[TASK ITEM] Pictures in the entries below are excluded; copy only the lines from the one containing "Adler Bald Eagle" to the one containing "ALWAYS Serviettes hygiéniques", both included.

[DATA RECORDS]
■ ■ ■

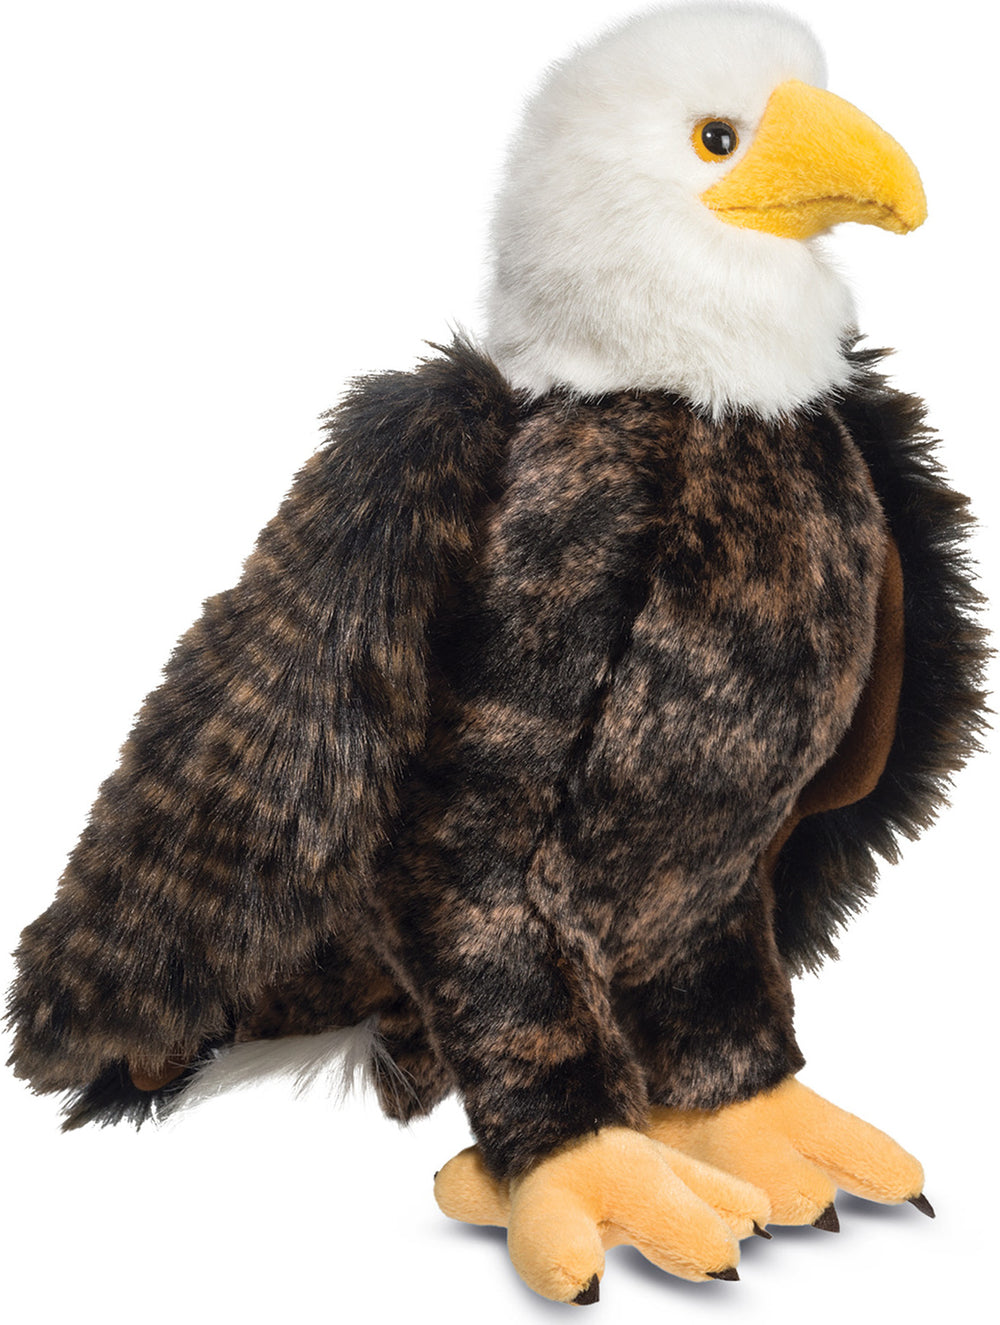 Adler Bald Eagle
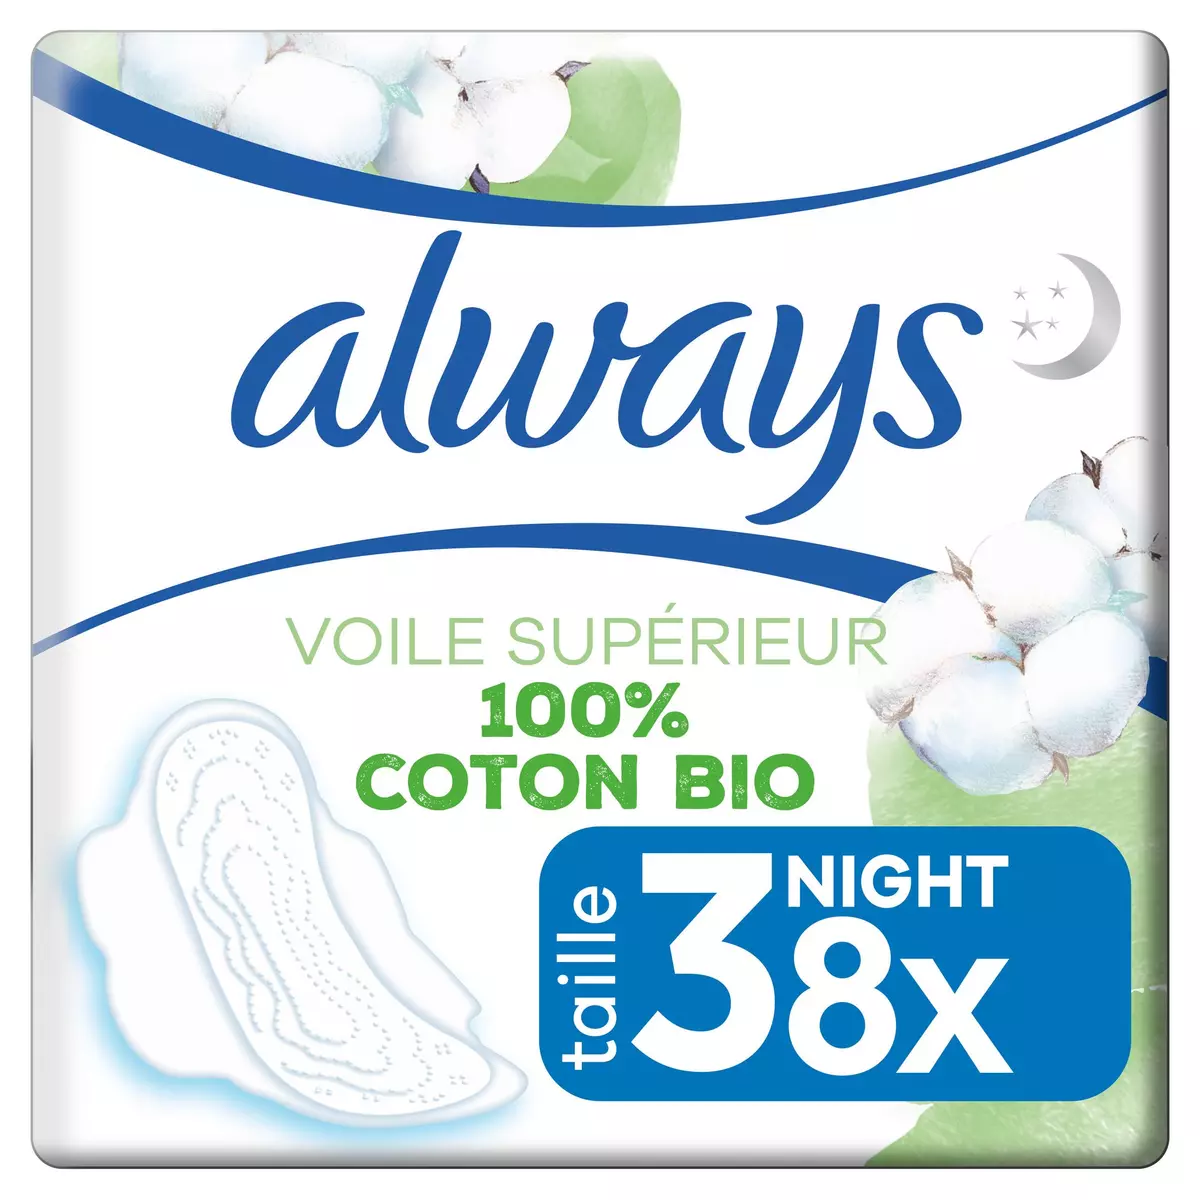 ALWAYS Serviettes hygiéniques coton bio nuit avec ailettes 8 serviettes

■ ■ ■

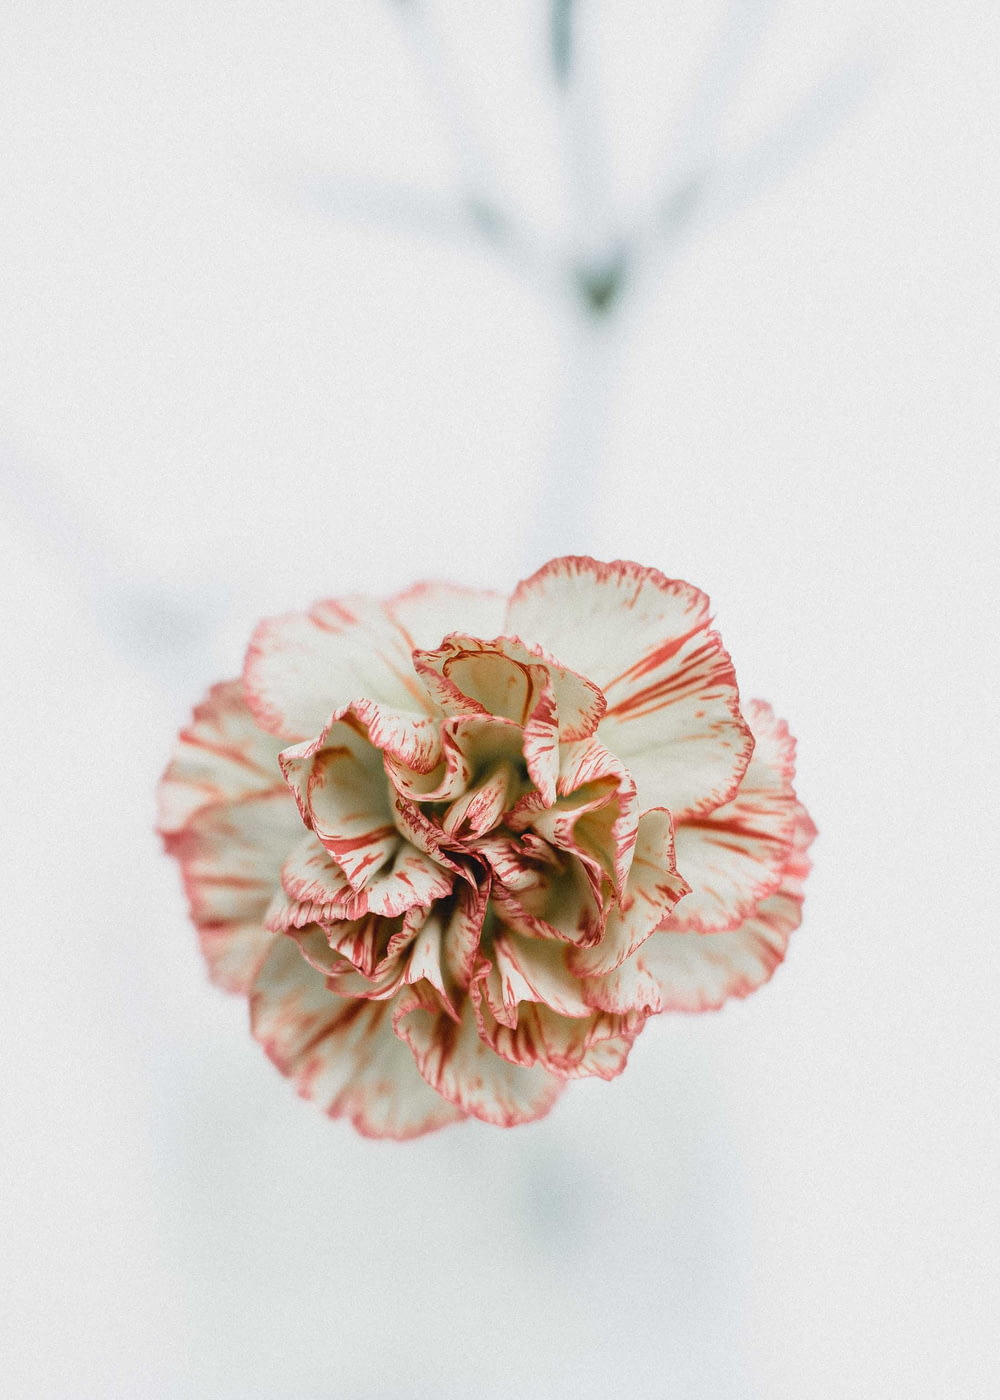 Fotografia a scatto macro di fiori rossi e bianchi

■ ■ ■

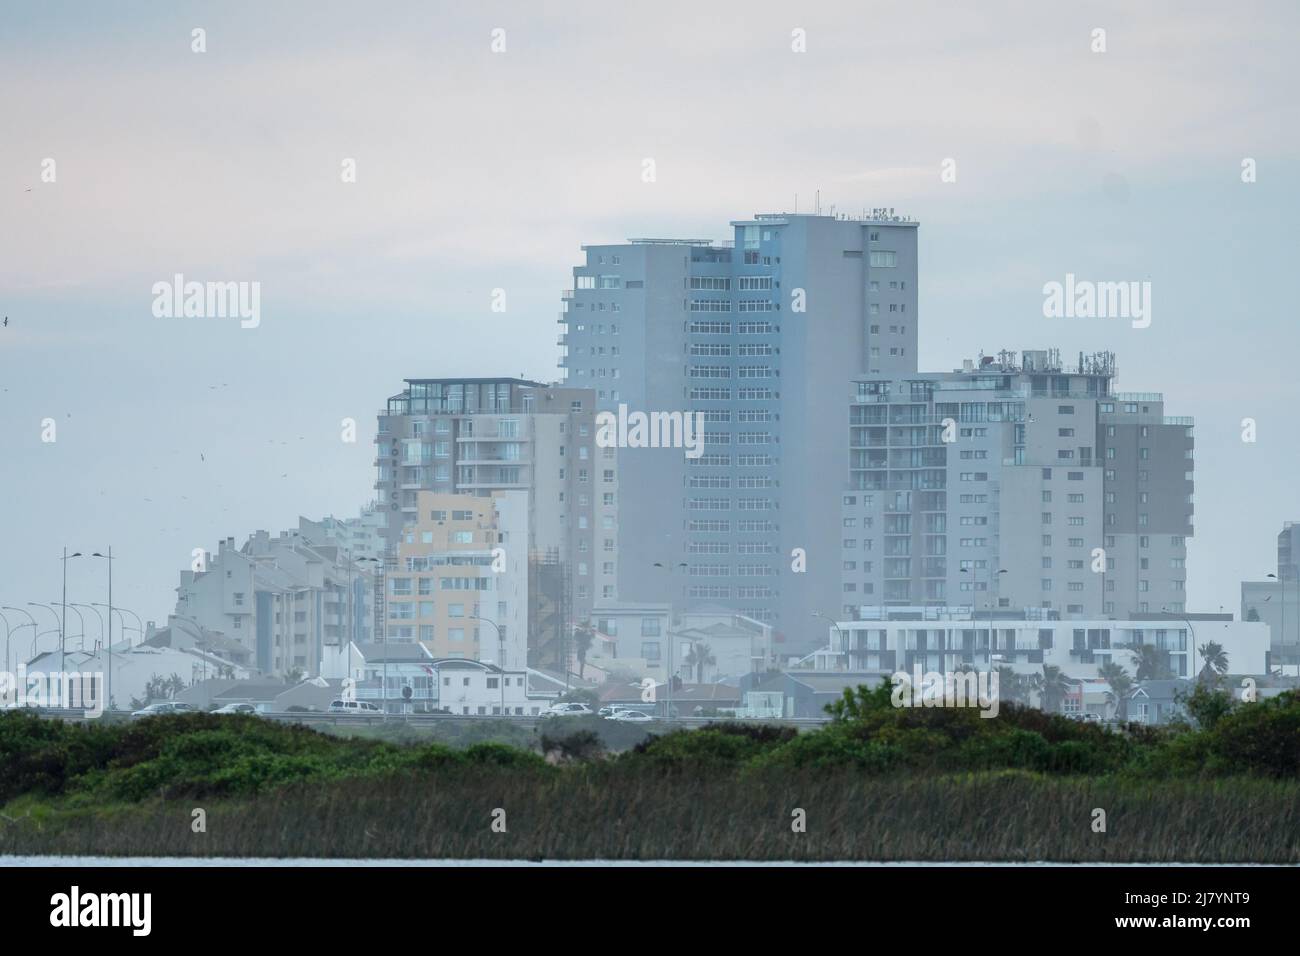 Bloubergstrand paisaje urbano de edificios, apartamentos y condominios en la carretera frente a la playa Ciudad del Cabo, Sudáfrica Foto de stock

■ ■ ■

[ANSWER TO THIS PROBLEM]
 Adler Bald Eagle
 ALWAYS Serviettes hygiéniques coton bio nuit avec ailettes 8 serviettes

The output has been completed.